Assignment →
The span to repeat in the listing below runs from the line containing "Bremgarten - Weihnachts- und" to the line containing "CD - Slade - The Collection 81-87 (eu)", inclusive. Repeat it exactly, and only it.

════════

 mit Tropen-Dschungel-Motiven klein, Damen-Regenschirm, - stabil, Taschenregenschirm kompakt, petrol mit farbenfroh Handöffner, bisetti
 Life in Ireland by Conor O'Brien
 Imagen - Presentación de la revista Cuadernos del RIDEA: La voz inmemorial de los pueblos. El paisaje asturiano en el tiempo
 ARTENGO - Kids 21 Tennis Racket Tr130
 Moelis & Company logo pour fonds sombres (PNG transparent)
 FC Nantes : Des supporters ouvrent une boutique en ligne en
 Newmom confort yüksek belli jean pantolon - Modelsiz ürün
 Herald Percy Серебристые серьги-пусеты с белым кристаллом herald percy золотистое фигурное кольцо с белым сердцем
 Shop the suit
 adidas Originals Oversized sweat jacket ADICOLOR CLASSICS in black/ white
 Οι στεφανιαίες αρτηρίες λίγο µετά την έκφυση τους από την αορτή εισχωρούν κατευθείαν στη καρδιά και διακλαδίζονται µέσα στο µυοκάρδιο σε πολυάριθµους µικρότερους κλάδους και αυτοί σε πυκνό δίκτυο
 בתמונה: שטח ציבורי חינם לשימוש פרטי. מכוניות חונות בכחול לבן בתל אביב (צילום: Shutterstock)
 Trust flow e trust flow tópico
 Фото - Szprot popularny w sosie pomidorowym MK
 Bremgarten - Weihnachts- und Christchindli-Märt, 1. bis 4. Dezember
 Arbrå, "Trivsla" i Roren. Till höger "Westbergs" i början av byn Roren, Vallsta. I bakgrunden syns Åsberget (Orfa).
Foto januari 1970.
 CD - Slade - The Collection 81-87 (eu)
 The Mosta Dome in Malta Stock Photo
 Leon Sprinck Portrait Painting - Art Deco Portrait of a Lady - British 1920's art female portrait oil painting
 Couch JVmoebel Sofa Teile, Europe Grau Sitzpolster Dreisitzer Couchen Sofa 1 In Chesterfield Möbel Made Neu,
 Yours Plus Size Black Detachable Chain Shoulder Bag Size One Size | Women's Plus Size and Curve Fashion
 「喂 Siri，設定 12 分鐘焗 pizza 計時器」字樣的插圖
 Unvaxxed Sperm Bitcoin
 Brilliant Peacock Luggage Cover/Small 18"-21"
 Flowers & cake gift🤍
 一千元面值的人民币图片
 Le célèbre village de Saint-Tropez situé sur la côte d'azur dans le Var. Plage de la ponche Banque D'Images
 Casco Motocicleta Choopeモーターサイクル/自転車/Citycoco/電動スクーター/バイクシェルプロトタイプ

════════

The completed task →
 Bremgarten - Weihnachts- und Christchindli-Märt, 1. bis 4. Dezember
 Arbrå, "Trivsla" i Roren. Till höger "Westbergs" i början av byn Roren, Vallsta. I bakgrunden syns Åsberget (Orfa).
Foto januari 1970.
 CD - Slade - The Collection 81-87 (eu)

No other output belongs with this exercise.